Marian Cao is promoter of the project on Gender and Museums since 2009 from the conjoint work of the team of the Institute of Feminist Investigations of the Complutense University of Madrid, with the Spanish Ministry of Culture, and the association eMujeres, which it results in the web Museos en Femenino, to form the personnel of museums and be used in the education by itineraries that analyze the art from perspective of gender (Didactic 2.0 Museums in feminine), at Museo del Prado, Museo Nacional Centro de Arte Reina Sofía, Museo Arqueológico Nacional y Museo del Traje. It is a tool to teach through itineraries that analyze art from a gender perspective.

She has developed projects on art and feminism, art therapy and art and social intervention. Besides, she has coordinated and she made workshops with migrants and people in risk of social exclusion. She has shared the coordination of workshops of inclusion with the researcher Noemí Martínez Díez and several workshops on feminism with the artist Marisa González programmed by MAV (Women in the Visual arts).

== Publications ==
She has published works related with art, inclusion, therapy and feminism. She is director of the collection 21 guías para Educación Primaria "Posibilidades de ser a través del arte", of the Editorial Eneida, that received in 2010, the Prize Rosa Regàs to educational material with co educative value.

Also, she is director of the magazine Arteterapia, Papeles de Arteterapia y educación Artística para la Inclusión Social (Service of Publications of the Universidad Complutense of Madrid) that spreads the possibilities of the art like road of psychosocial welfare.

Dialnet offer a list of her publications.

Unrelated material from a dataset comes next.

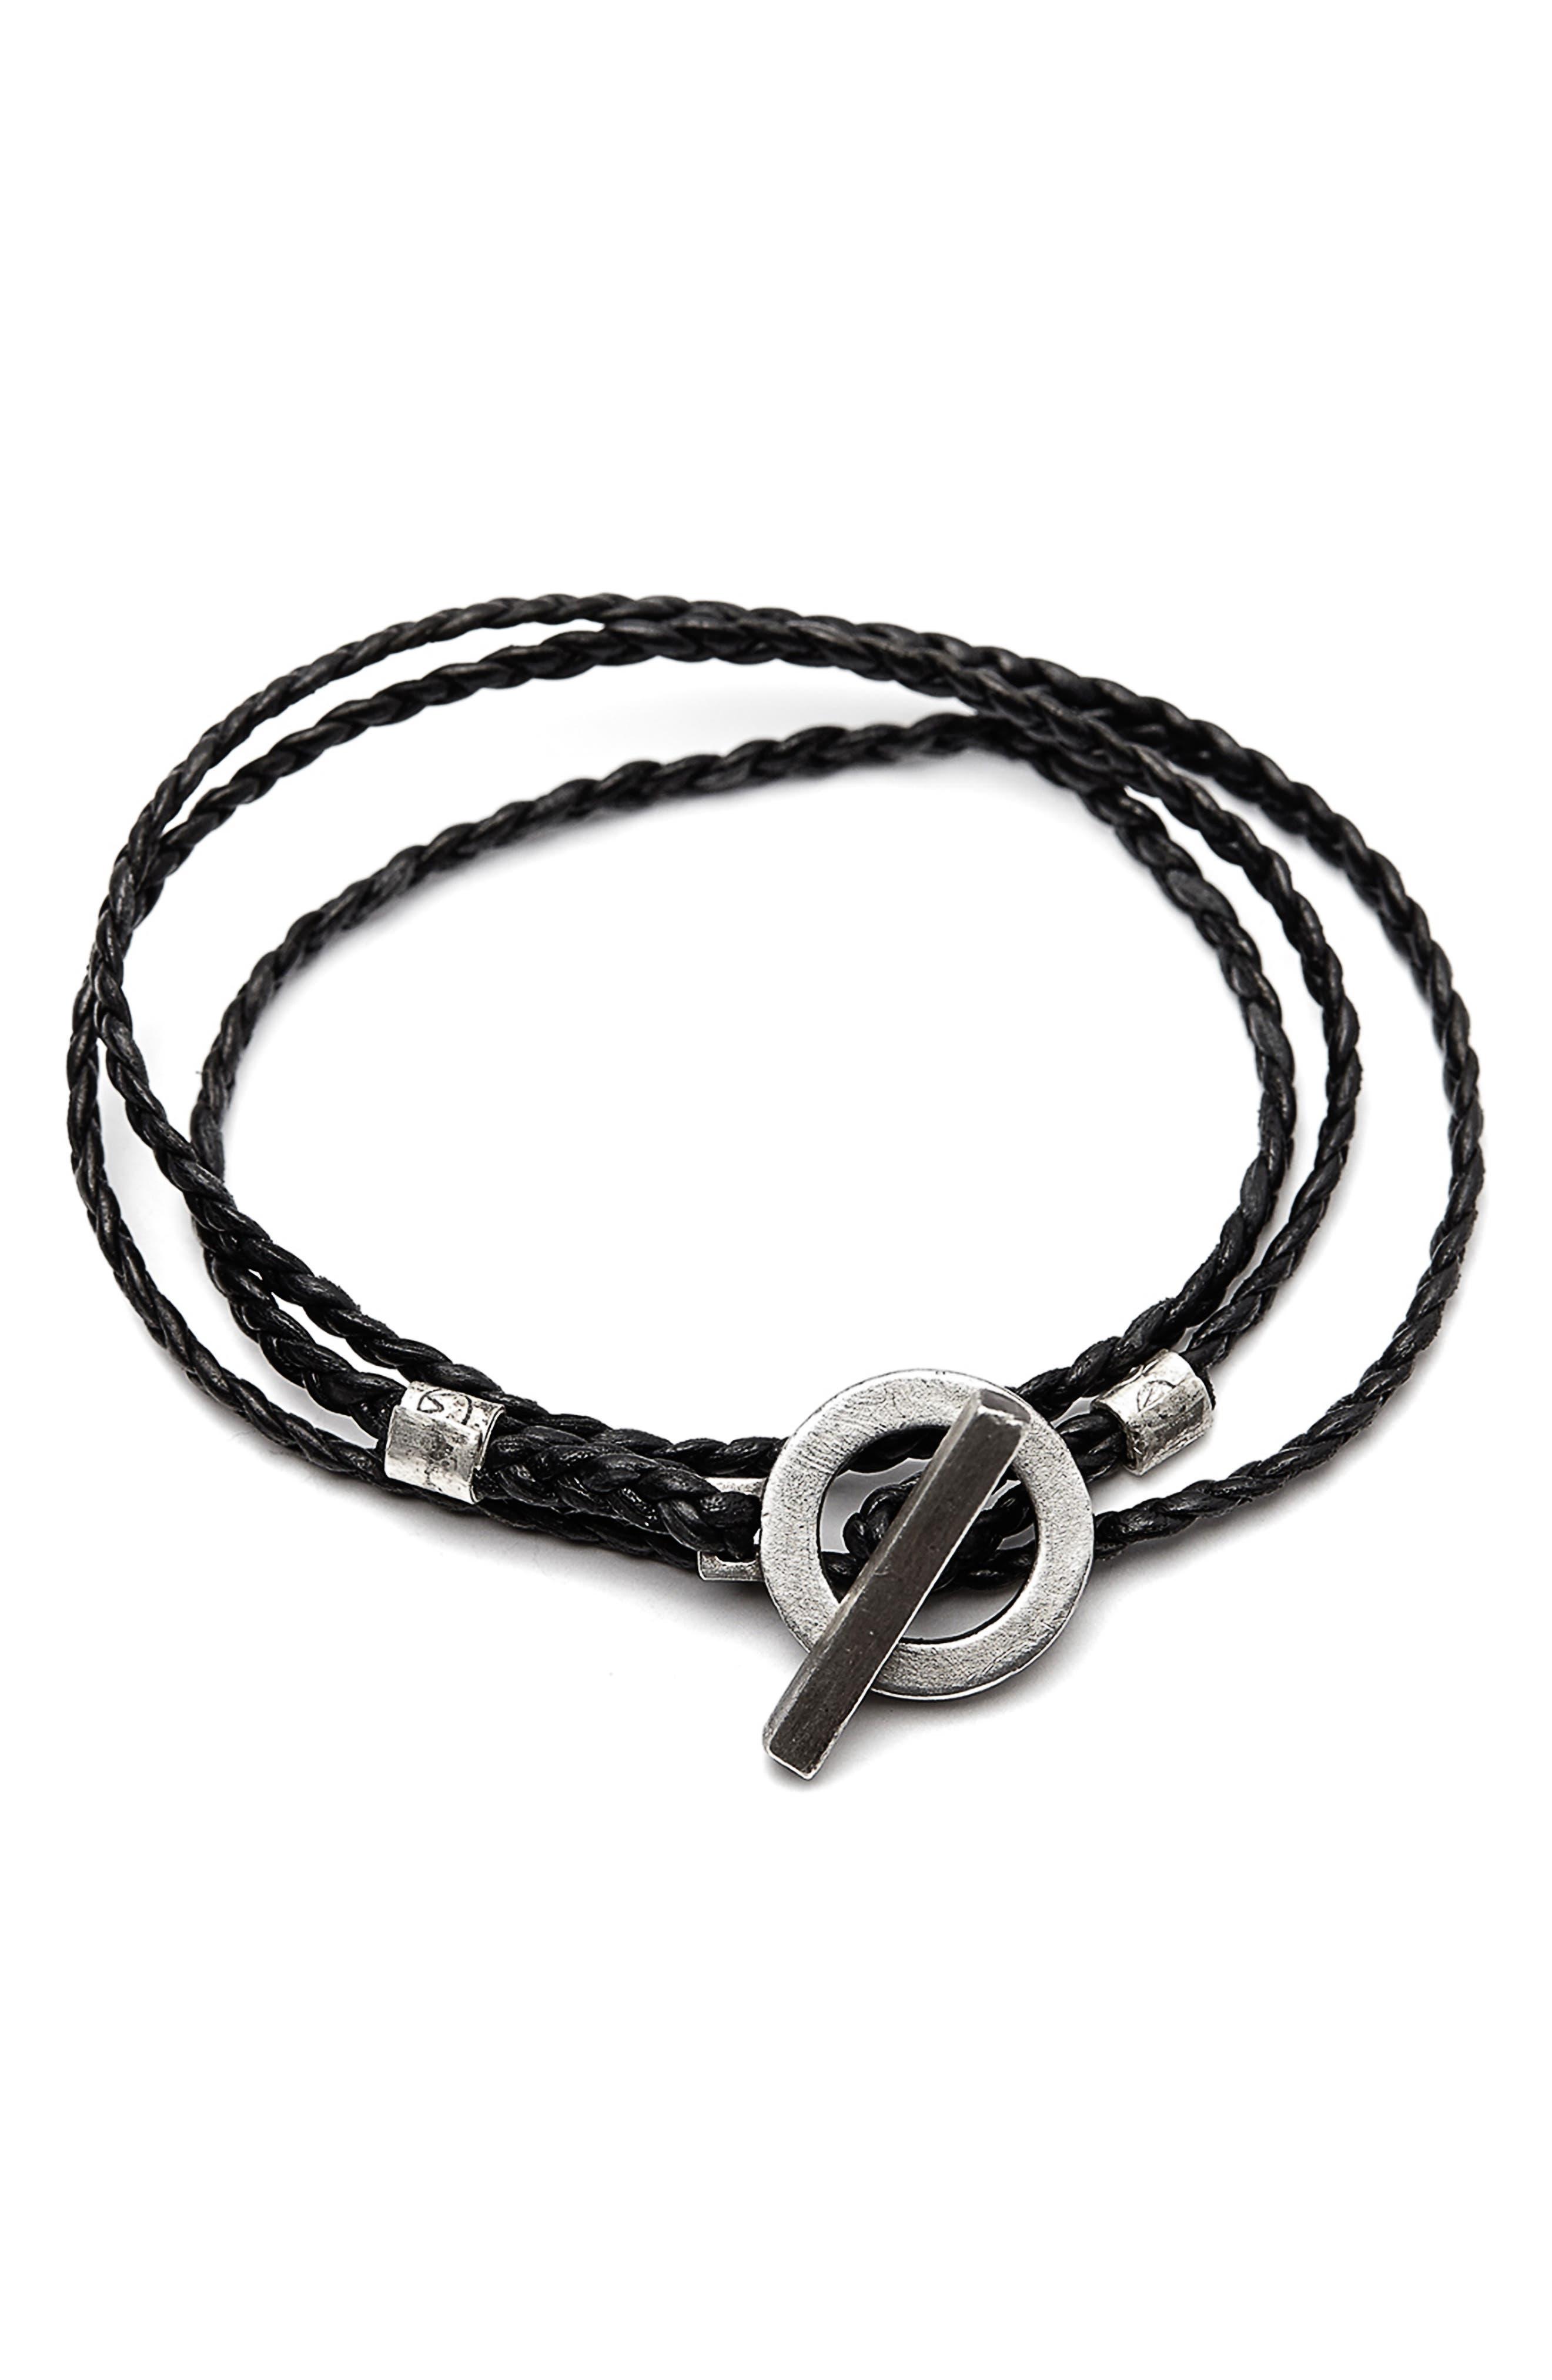 3-Wrap Braided Leather Bracelet,                             Main thumbnail 1, color,                             SILVER/BLACK

=== Other publications ===

==== Works ====
- Para qué el arte: reflexiones en torno al arte y su educación en tiempos de crisis. Marián López Fernández Cao. (Madrid) Fundamentos, 2015. ISBN 978-84-245-1288-0.
- Mulier me fecit: hacia un análisis feminista del arte y su educación. Marián López Fernández Cao. (Madrid) Horas y Horas, D.L. 2011. ISBN 978-84-96004-42-9.
- Memoria, ausencia e identidad: el arte como terapia. Marián López Fernández Cao. (Madrid) Eneida, 2011. ISBN 978-84-92491-82-7.
- Käthe Kollwitz: (1867–1945) Marián López Fernández Cao. Ediciones del Orto,1997. ISBN 84-7923-175-0.
- Arteterapia. Marián López Fdz. Cao, Martínez Díez, N. Editions tutor, 2006 ISBN 9788479025557.

==== Collaborations in collective works ====
- Arte, intervención y acción social: la creatividad transformadora. Coord. por Ana Carnacea Cruz, Ana Lozano Cámbara, 2013, ISBN 978-84-937730-2-1.
  1. De la función estética y pedagógica a la función social y terapeútica (arteterapia). Págs. 69–95. Marián López Fdz. Cao.
  2. Cómo hacer una sopa con piedras: el arte como herramienta de intervención y mediación social. Construyendo sociedades más creativas. Págs. 97–127. Marián López Fdz. Cao.
- Sociología y género. Coord. por Capitolina Díaz Martínez, Sandra Dema Moreno, 2013. ISBN 978-84-309-5810-8.
  1. El mundo del arte, la industria cultural y la publicidad desde la perspectiva de género. Págs.271-300. Marián López Fdz. Cao.
- Infancia, mercado y educación artística. Coord. por Ricardo Marín Viadel, 2011, ISBN 978-84-9700-658-3.
  1. Niños de cine: Apuntes sobre las películas dirigidas a la infancia tardía. Págs. 89–108. Marián López Fdz. Cao.
- Género y paz. Coord. por María Elena Díez Jorge, Margarita Sánchez Romero, 2010, ISBN 978-84-9888-264-3.
  1. De la creación de las mujeres. Apuntes sobre paz, feminismo y creación. Págs.151-158. Marián López Fdz. Cao.